That number comes from previous studies, which showed that 48 percent of major coronary events such as heart attacks occur in those families, Pell added. A brother or sister of someone who has a heart attack or other coronary event has twice the normal risk of having such an event, she said.
"So, instead of going through the entire population [for screening], we can go through the closest relatives of coronary disease patients," she reasoned.
Screening those close relatives and taking steps against risk factors such as high cholesterol, smoking, diabetes and high blood pressure could prevent more than 80 percent of the early heart attacks that occur in Britain each year, the Glasgow group estimated.
They plan to put that belief to a practical test with a pilot project to screen siblings and children of coronary heart disease patients, select those with obvious risk factors, and then work to bring those factors under control, Pell said.

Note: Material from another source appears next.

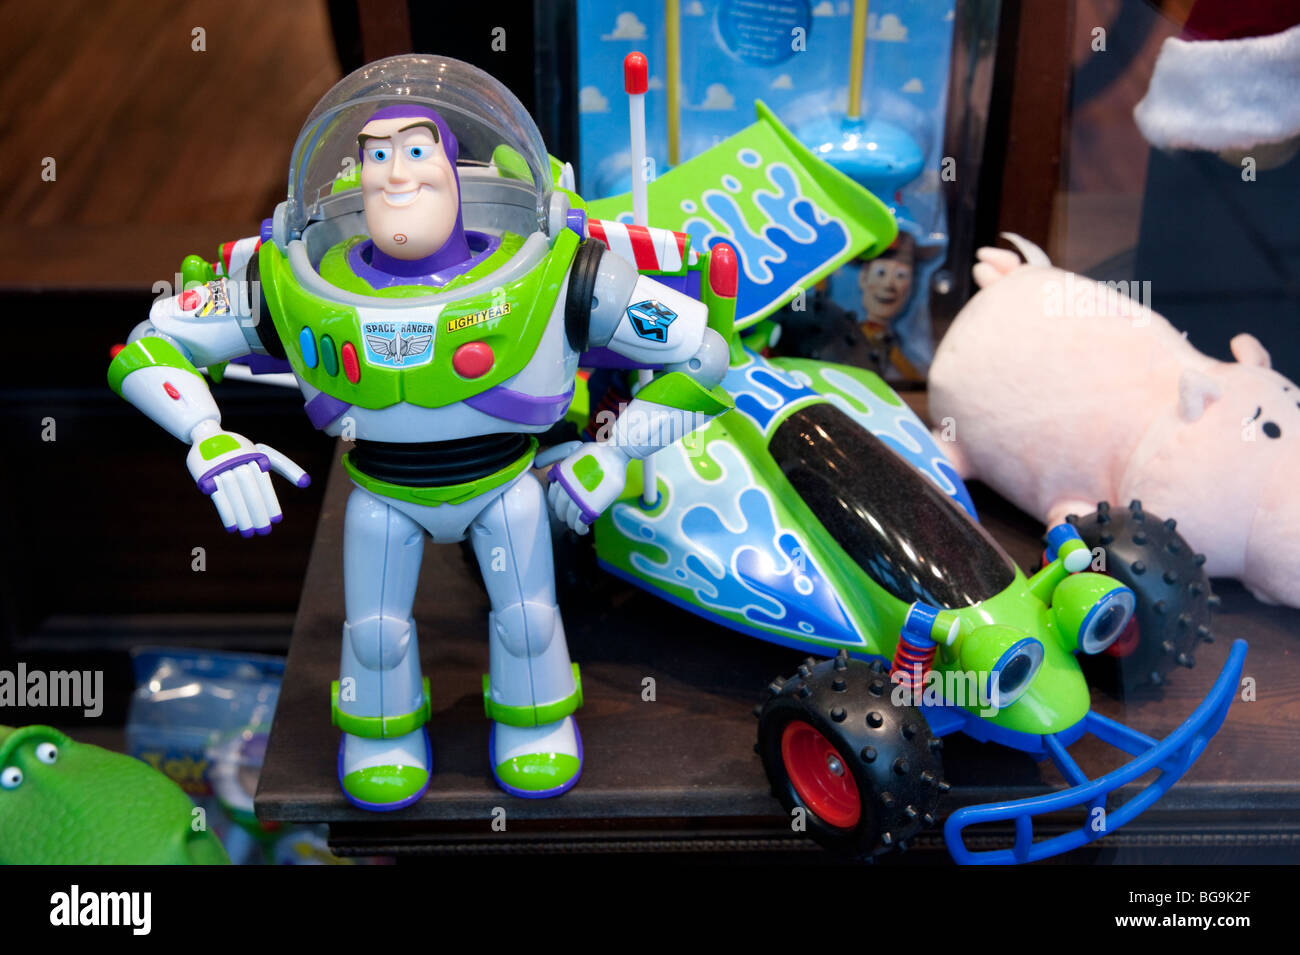 Buzz Lightyear juguetes en los escaparates de las tiendas, Inglaterra, Gran Bretaña, REINO UNIDO Foto de stock

"We would aim at global risk, all the factors together -- smoking, cholesterol, diet, exercise," she said.
In theory, working physicians are aware of the importance of family history in predicting coronary risk, Pell said. And they know that they should put that information to use with the close relatives of heart patients.
However, "the reality is that all of the studies to date show that it just isn't happening," she said.
People with coronary heart disease often show up in emergency rooms or outpatient clinics, the researchers noted. It would be easy to flag them as members of a family requiring counseling. In fact, such a flagging system is used for cancers that are known to have an inheritable background, the report's authors noted.
It would be easy to ask a heart patient if any close relatives have such a condition, Pell said, and to give basic advice when that is the case: "Tell your brother to check out his risk factors and modify them if necessary."
In the United States, the Sibling Family Heart Study, which has followed more than 800 people for more than a decade, has seen "a doubling of the number of heart attacks, deaths and events that need to be corrected with bypass surgery or angioplasty," added Dr. Dhananjay Vaidya, assistant professor of internal medicine at the Johns Hopkins University, Baltimore, and a member of that study team.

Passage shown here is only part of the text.